The intelligent optimization approach is a cutting-edge issue in the computer domain and it is also one of a researching focus for the computer scholars. So making a study on the optimization algorithm of which the particle swarm optimization (PSO) being combined into the optimization approach on fishing strategy (FSOA) has an application background and a practical significance.
     The main contents of this dissertation are summarized as follows:
     (1) The background、purpose and significance of the research on intelligent optimization approach are summarized.
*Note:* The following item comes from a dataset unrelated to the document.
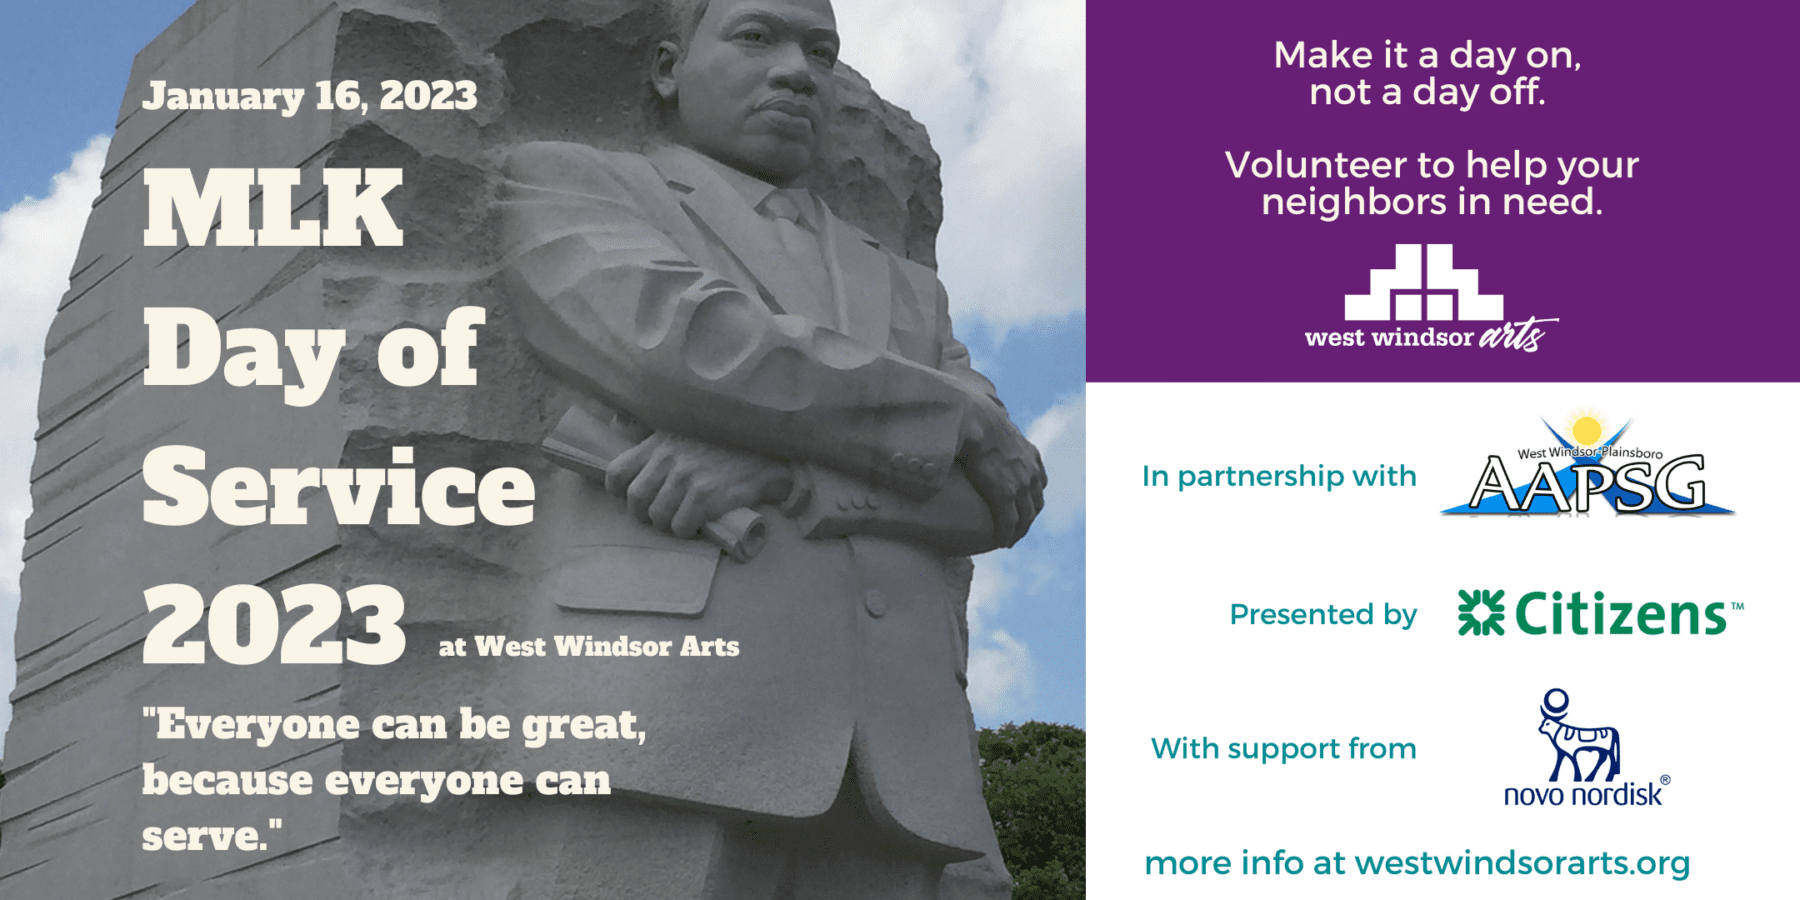 MLK Day of Service 2023 community service
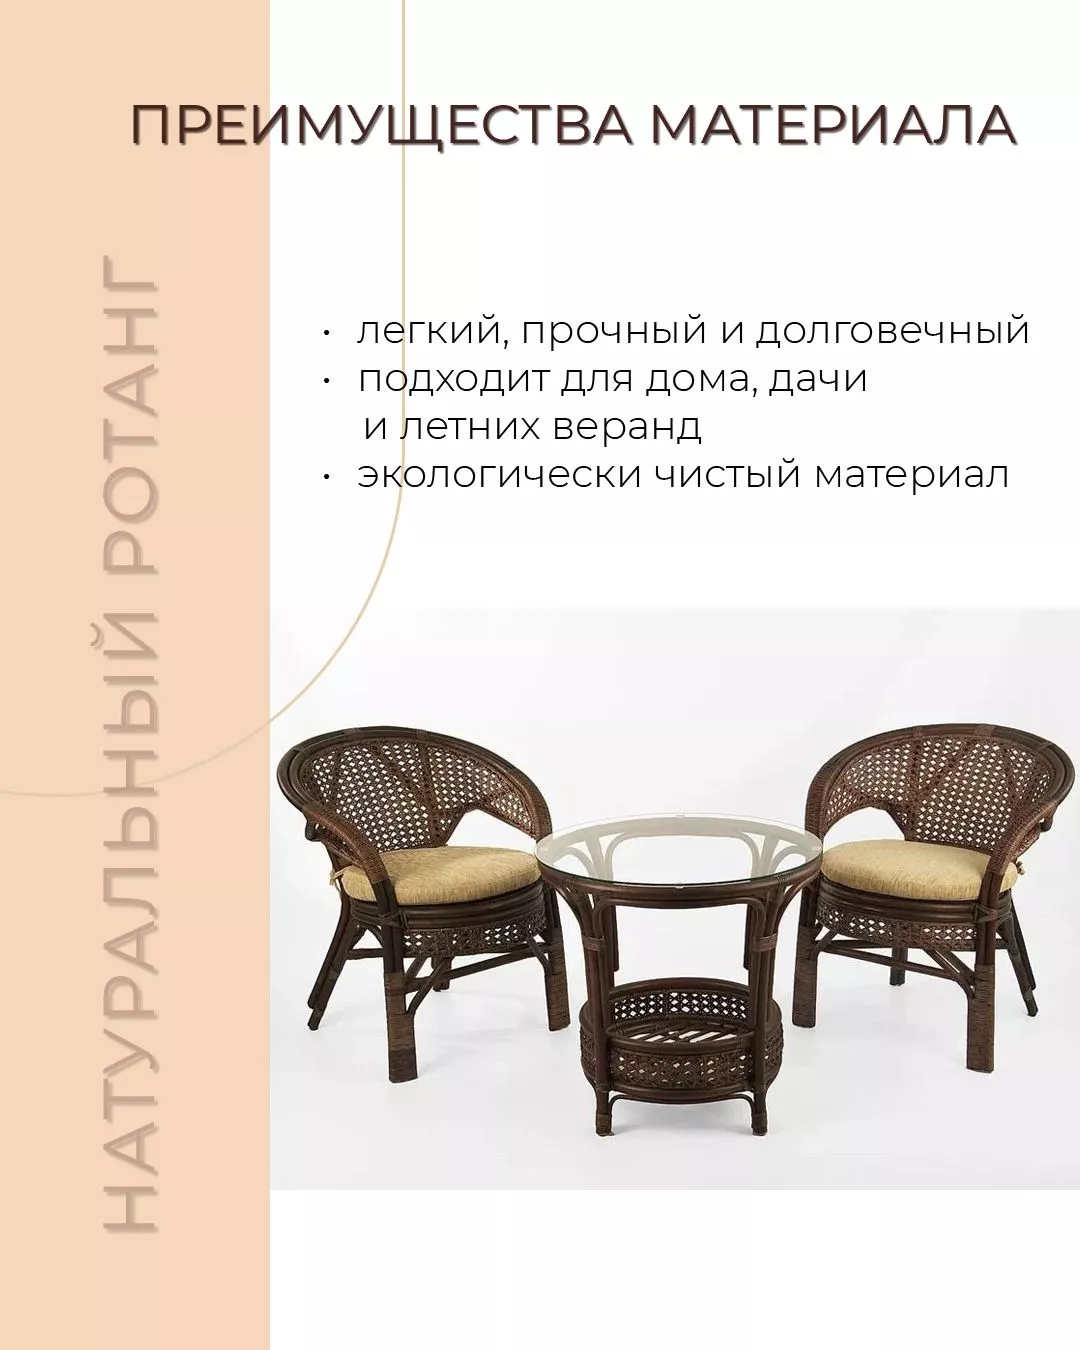 Комплект мебели из ротанга Пеланги 02 15 дуэт с круглым столом орех матовый

The principle and the process of FSOA and PSO are separately introduced and related research progresses are also introduced.
     (2) An optimization algorithm of which PSO being combined into FSOA is presented (FPSOA), based on analyzing the shortcoming of FSOA and PSO. The algorithm is that every fisher makes use of an agile, mobile and multipoint random casting fishnet strategy in the fishing activity, and chooses different detection strategy according to different fishing circumstances. It shows, from the experimental and simulated results of typical functions’optimization, that the optimization approach has the performance of a rapid convergence rate, a high accurate numerical solution and a good stability.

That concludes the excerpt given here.